E il grido di dolore di Giusi Nicolini, sindaco di questo pezzo di terra italiana proiettata verso l'Africa, è il grido di chi ogni giorno è costretto dalla sua stessa posizione geografica a tenere un conto che nessun altro, né in Italia né in Europa, vuole tenere.
Un conto che è dovuto anche a ragioni storiche oggettive, che tanti, che oggi invocano misure più severe per l'immigrazione e che cinicamente si ribellano al lutto nazionale, non vogliono riconoscere, spesso perché ignorano completamente questa materia.
I regimi dittatoriali da cui questa gente scappa sono stati spesso foraggiati dai nostri governi democratici, che li hanno trattati come pezzi da gioco su di uno scacchiere dove abbiamo fatto le nostre mosse a nostro vantaggio, disinteressandoci completamente di quello che poi succedeva entro i confini di quelle pedine.
Quella ricchezza che, secondo molti, i migranti sognano di rubarci venendo qui, in effetti, ha buona parte delle sue radici nei loro Paesi, che le nostre aziende, siano o meno multinazionali, hanno saccheggiato e saccheggiano impunemente grazie alla connivenza con i regimi di cui sopra.
Gli armamenti con cui si combattono le migliaia di guerre grandi e piccole nei territori da cui questa gente scappa sono prodotti in Europa e negli Stati Uniti e in Russia, e sono venduti ai loro legittimi governi dai nostri legittimi, e ai loro terroristi dai nostri trafficanti criminali.
Le droghe di derivazione naturale e sempre più spesso anche sintetiche, prodotte in questi Paesi e poi vendute per finanziare le guerre interne da cui scappano i dannati che muoiono poco al largo delle nostre coste, sono consumate nelle notti di divertimento delle nostre discoteche, dei nostri club, dei nostri rave party.
Le donne che vengono rese schiave nei villaggi africani e poi sono portate qui a prostituirsi, i travestiti che emigrano in Italia illegalmente e battono i viali, le ragazze dell'Est europeo o del Sudest asiatico che si spogliano nei club, hanno clienti europei  che sono, temo, ben più numerosi dei loro connazionali.
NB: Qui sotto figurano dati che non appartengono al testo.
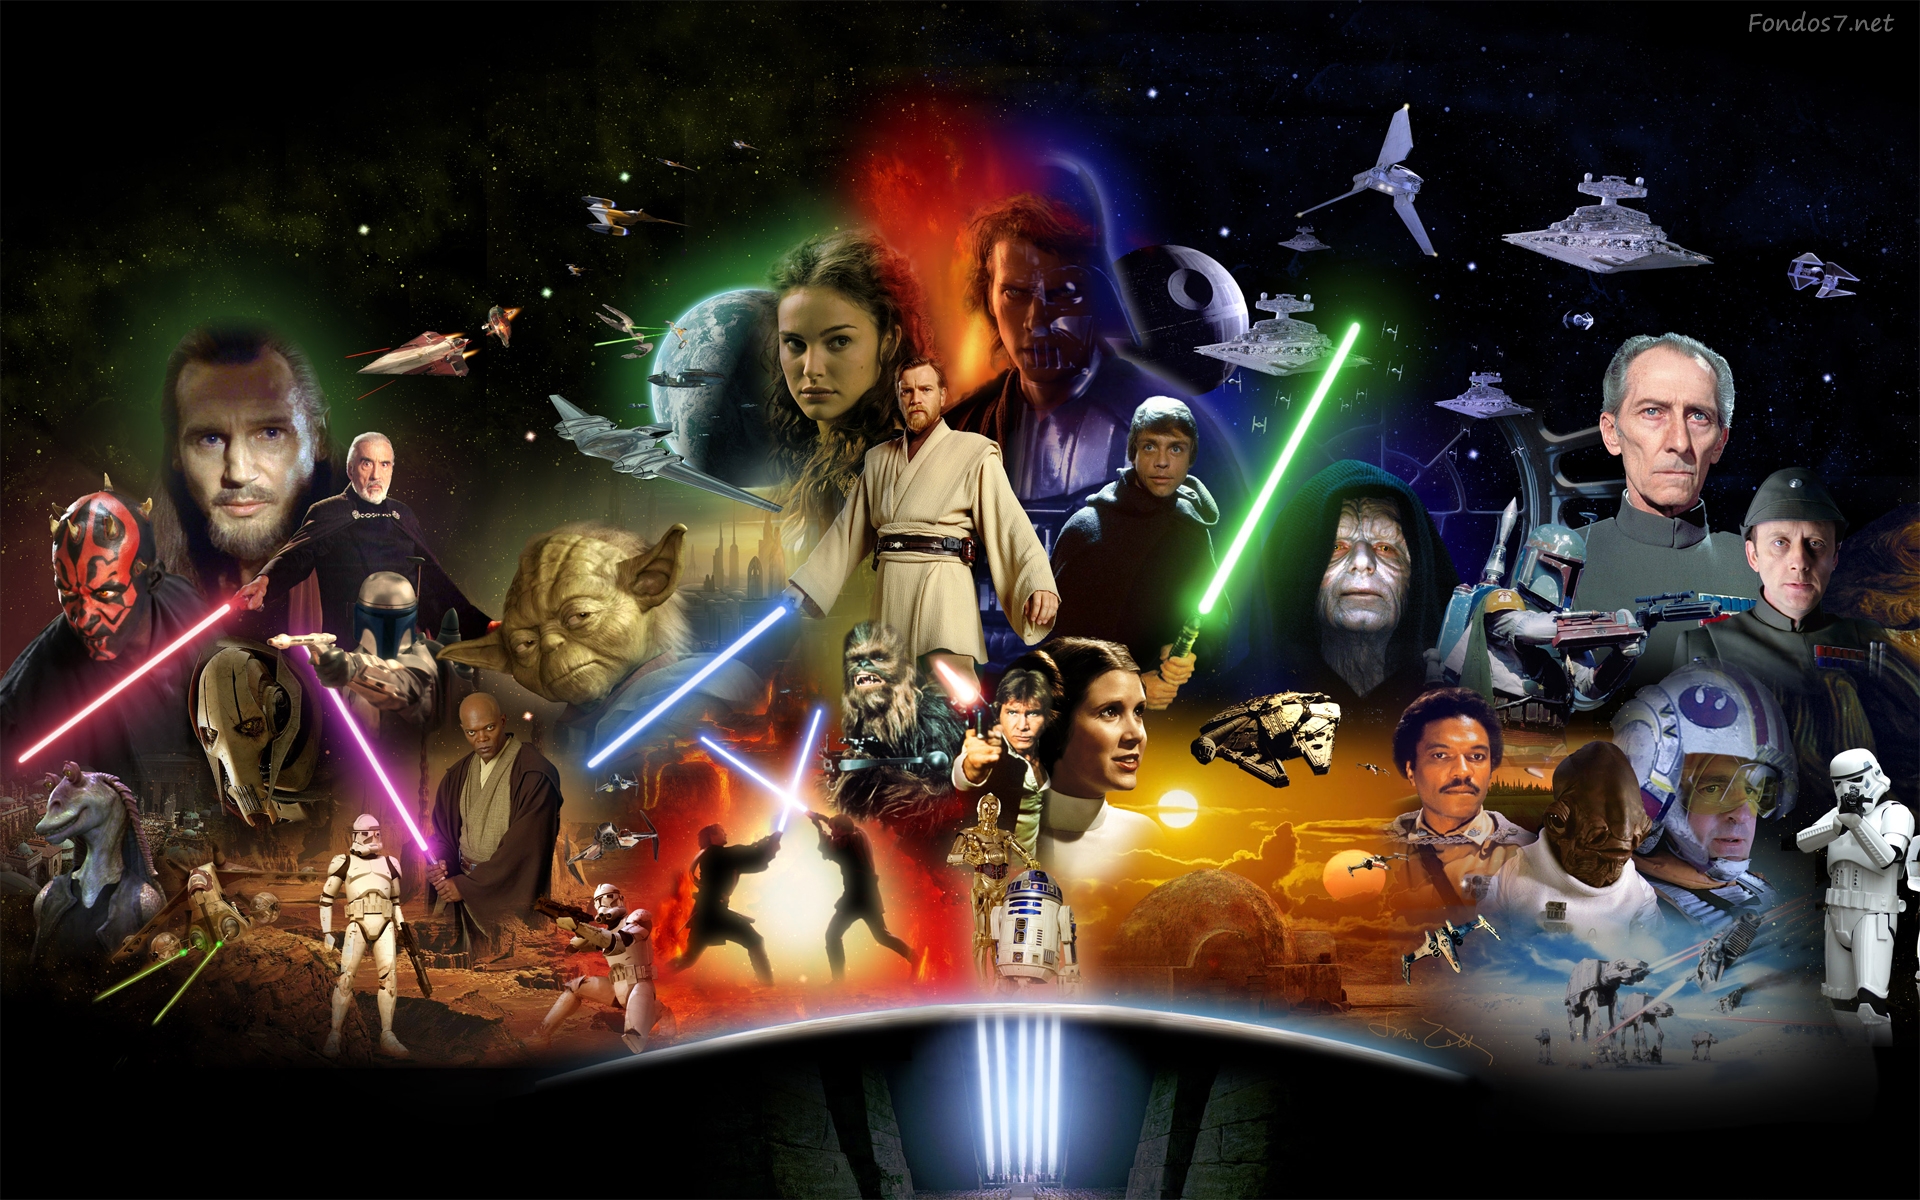 Star wars wallpaper hd 1080p iconos
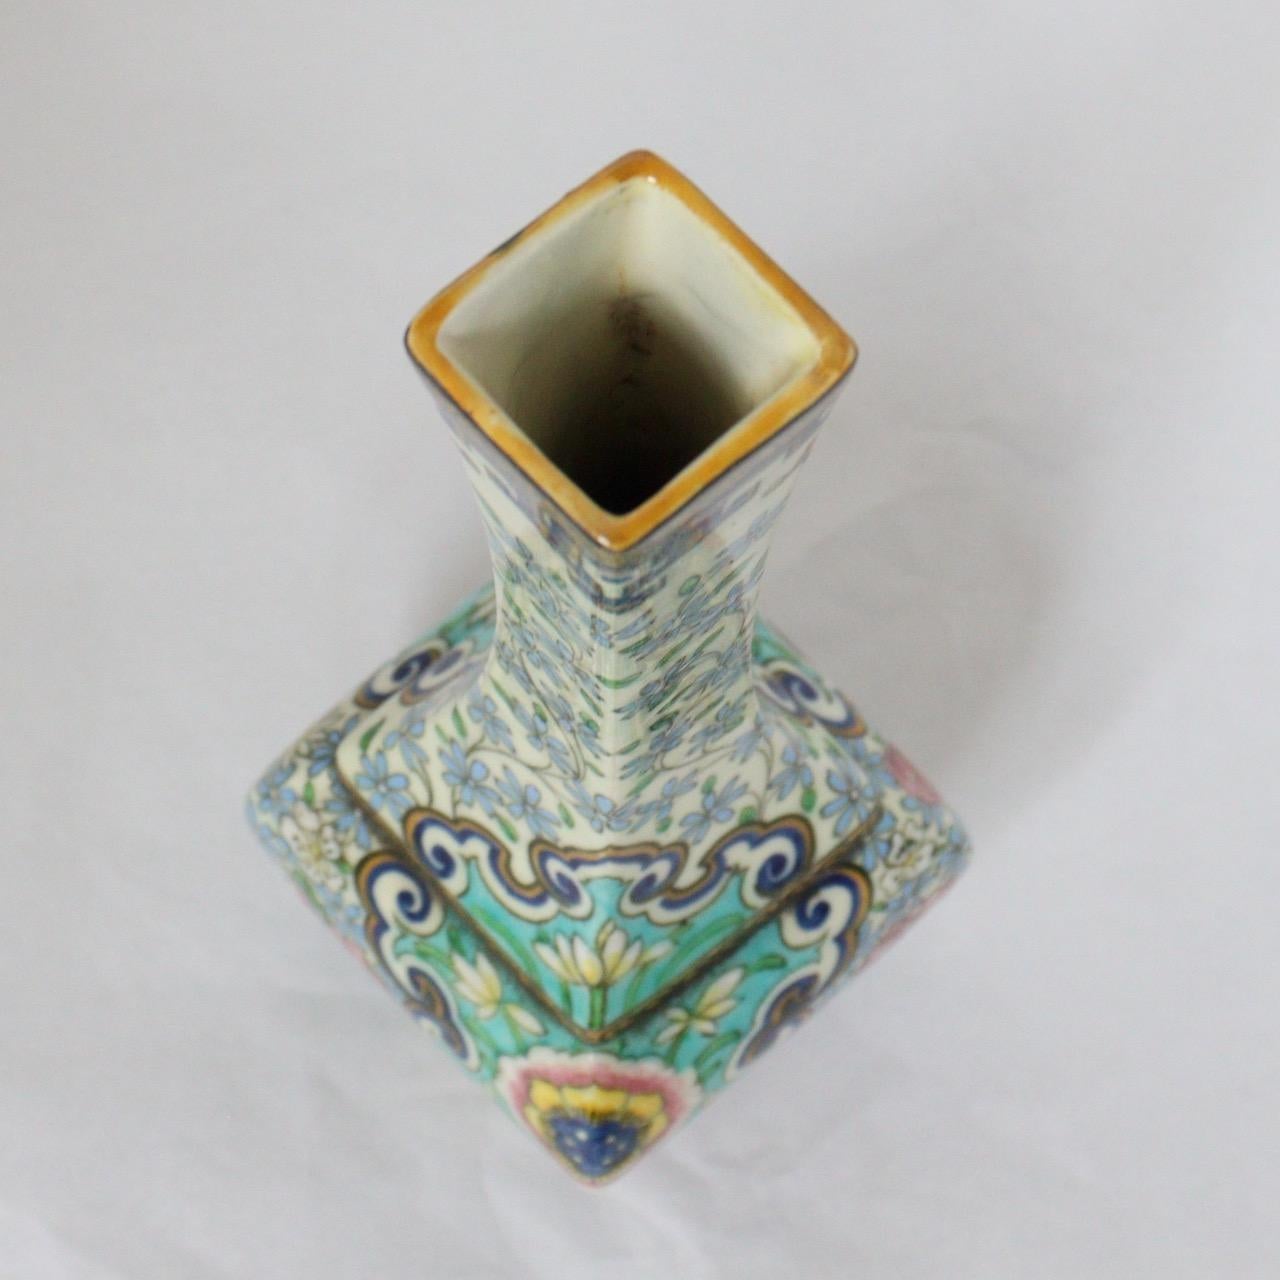 Enameled A Théodore Deck (1823-1891) Enamelled Faience Soliflore Vase circa 1875

La nostra civiltà è corresponsabile di questo movimento migratorio.
La nostra civiltà non dovrebbe lasciare Giusi Nicolini e i Lampedusani soli a tenere questo conto.
La nostra sarebbe civiltà se ci decidessimo a costruire una risposta vera di pace e progresso per tutti intorno a questo mare, invece che salvare banche che ci succhiano la vita e giustificare con le scuse più biecamente razziste la nostra inesistente superiorità.